Uma das coisas mais complicadas em física de altas energias é saber com que precisão uma conta foi feita. Isso porque as previsões de seção de choque são todas feitas em teoria de perturbação e é uma arte estimar a contribuição dos termos que nunca foram calculados, principalmente quando as correções são grandes.

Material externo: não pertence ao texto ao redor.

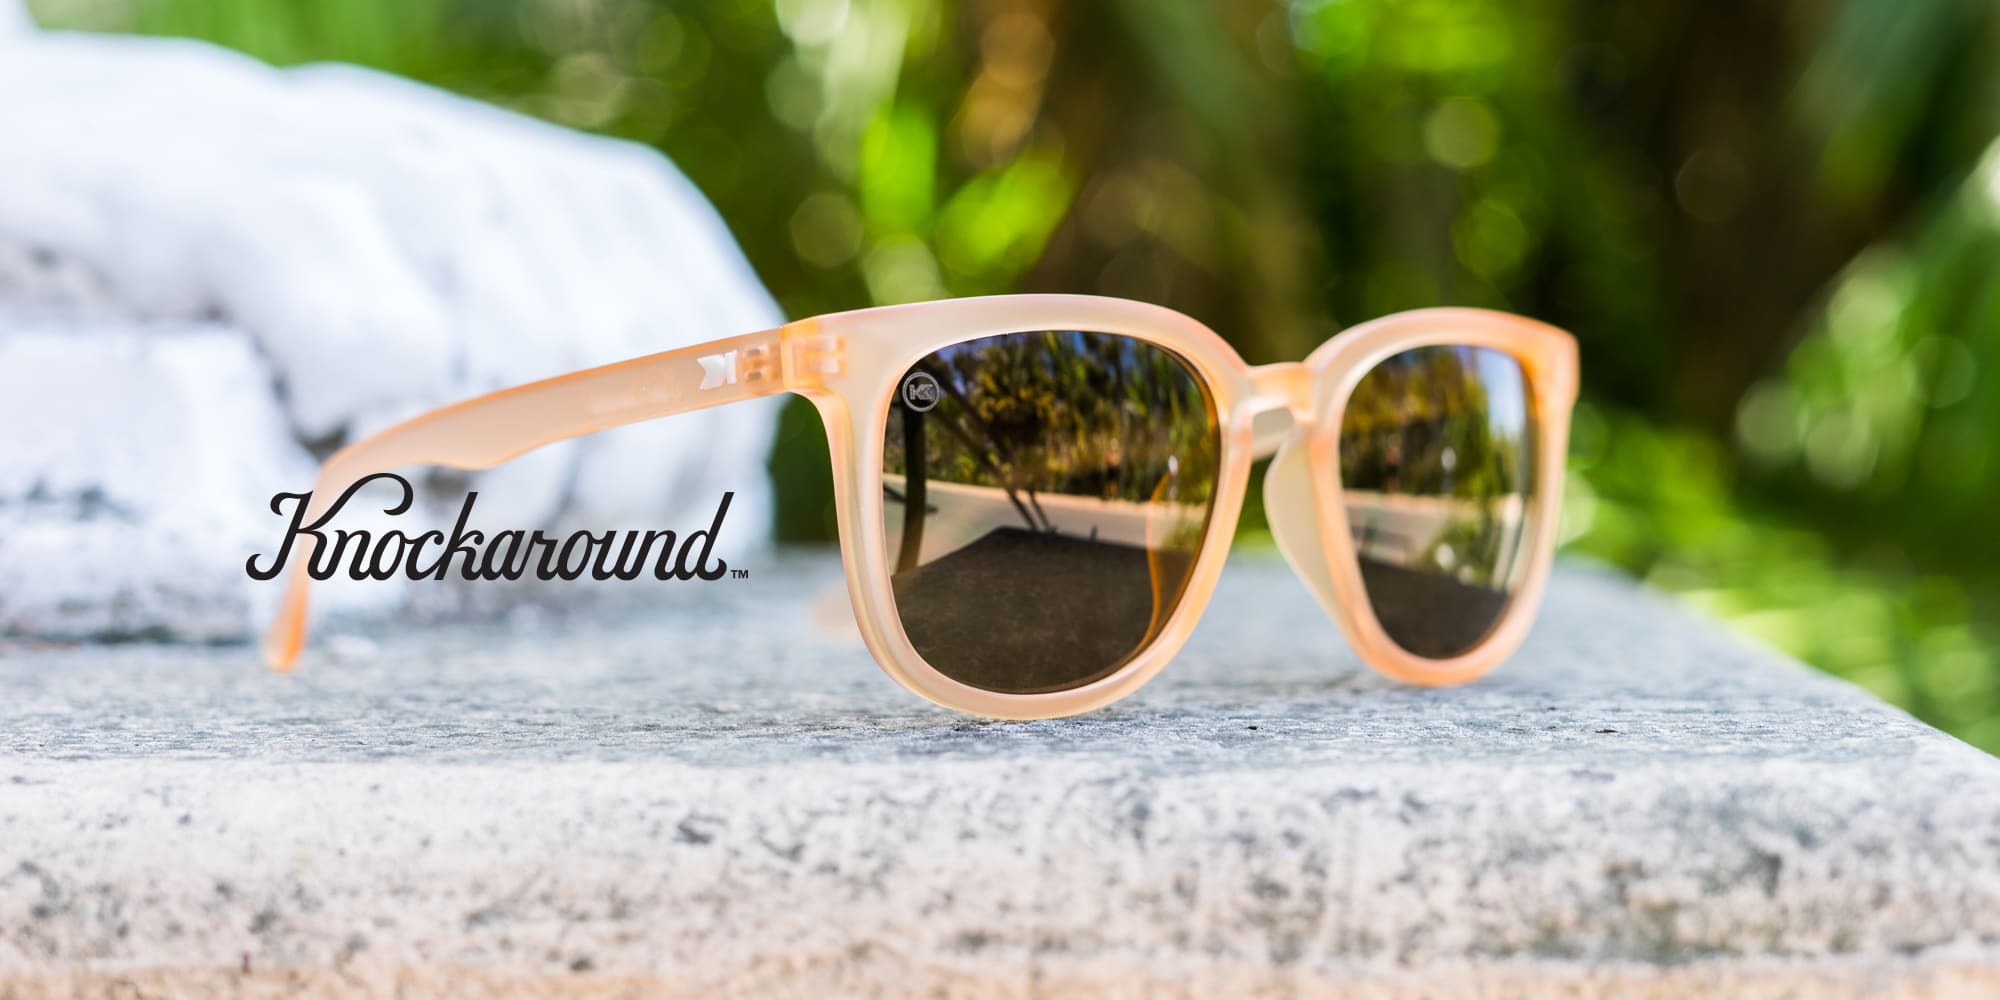 Retailers Want Options: Knockaround + Envoy B2B Create a Partnership to Provide Personalization
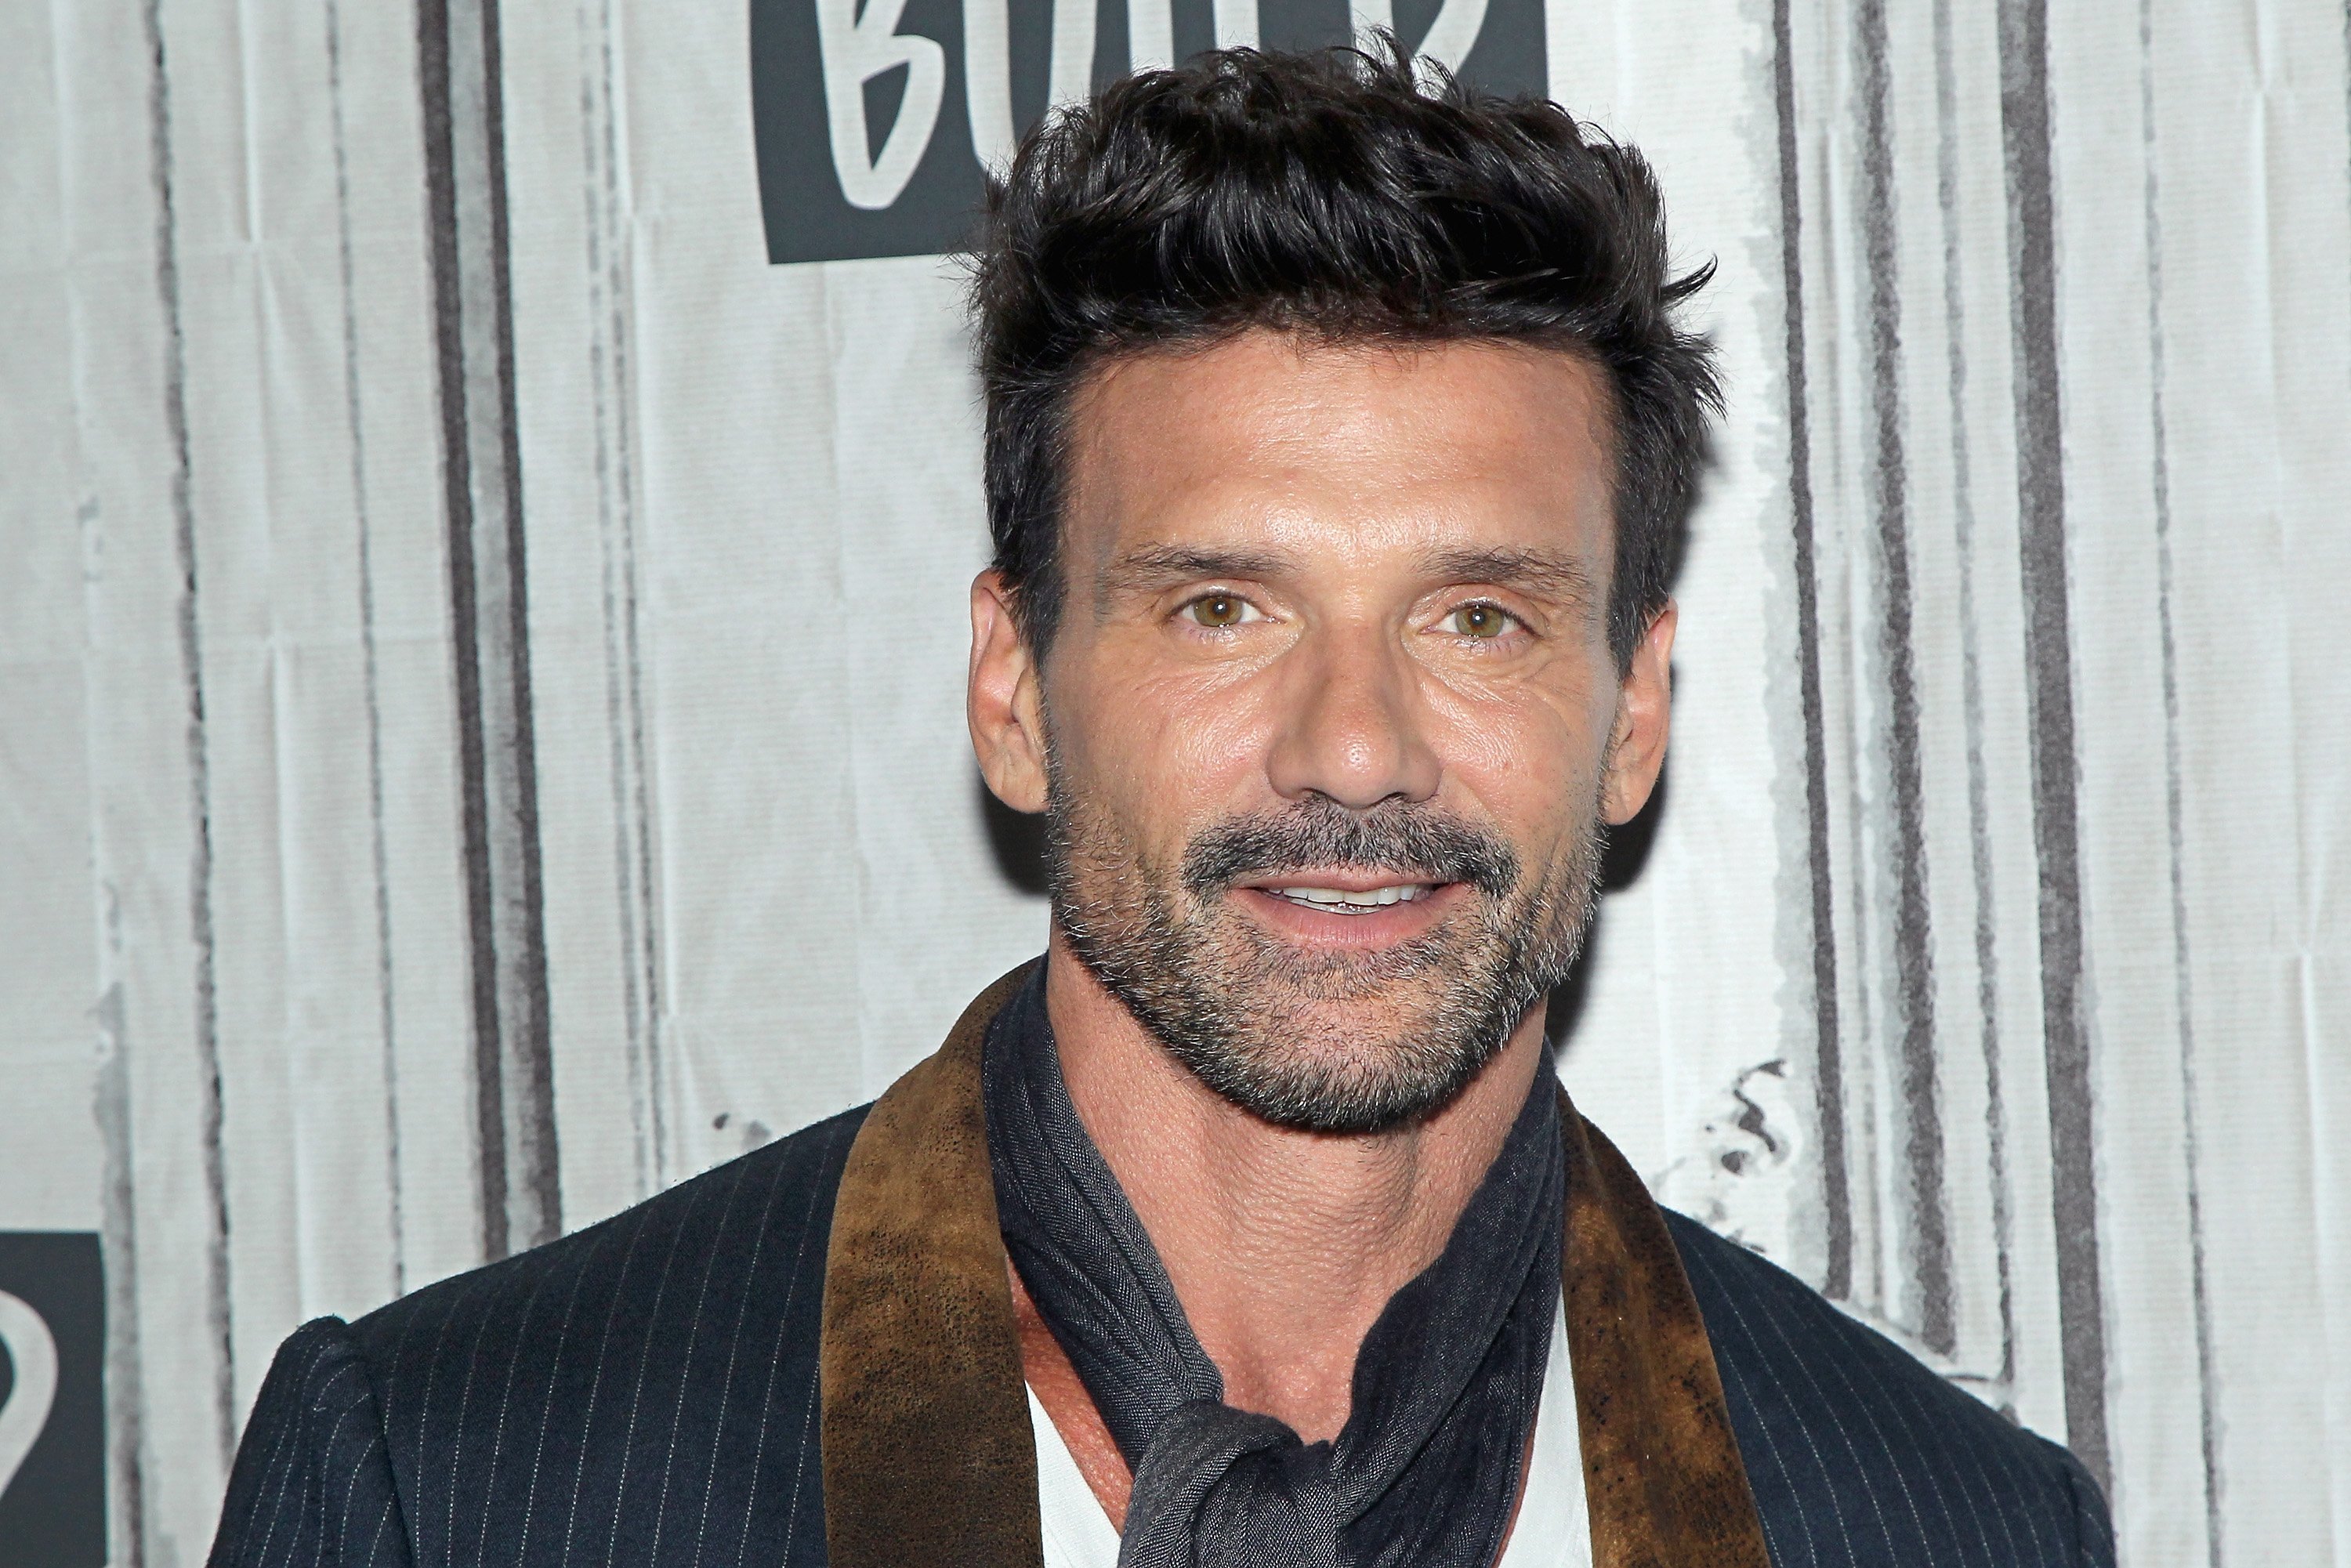 Frank Grillo, in a black jacket and black scarf, at an event in 2018.

É verdade que para a maioria dos processos as correções de ordem superior são pequenas, mas isso não é verdade para produção de Higgs, como esse gráfico roubado de R. Harlander, W. Kilgore; Next-to-Next-to-Leading Order Higgs Production at Hadron Colliders mostra:

O eixo vertical é o assim chamado fator-K que é definido como a razão da seção de choque calculada em ordens superiores de teoria de perturbação para a primeira ordem. Eu não sei se vocês percebem, mas quem faz esse tipo de conta se refere a cada ordem de perturbação como se tivesse usando aritmética de Peano, então LO é a primeira ordem de perturbação, NLO é a segunda, NNLO é a terceira e por aí vai e a razão para isso vai ficar clara em instantes.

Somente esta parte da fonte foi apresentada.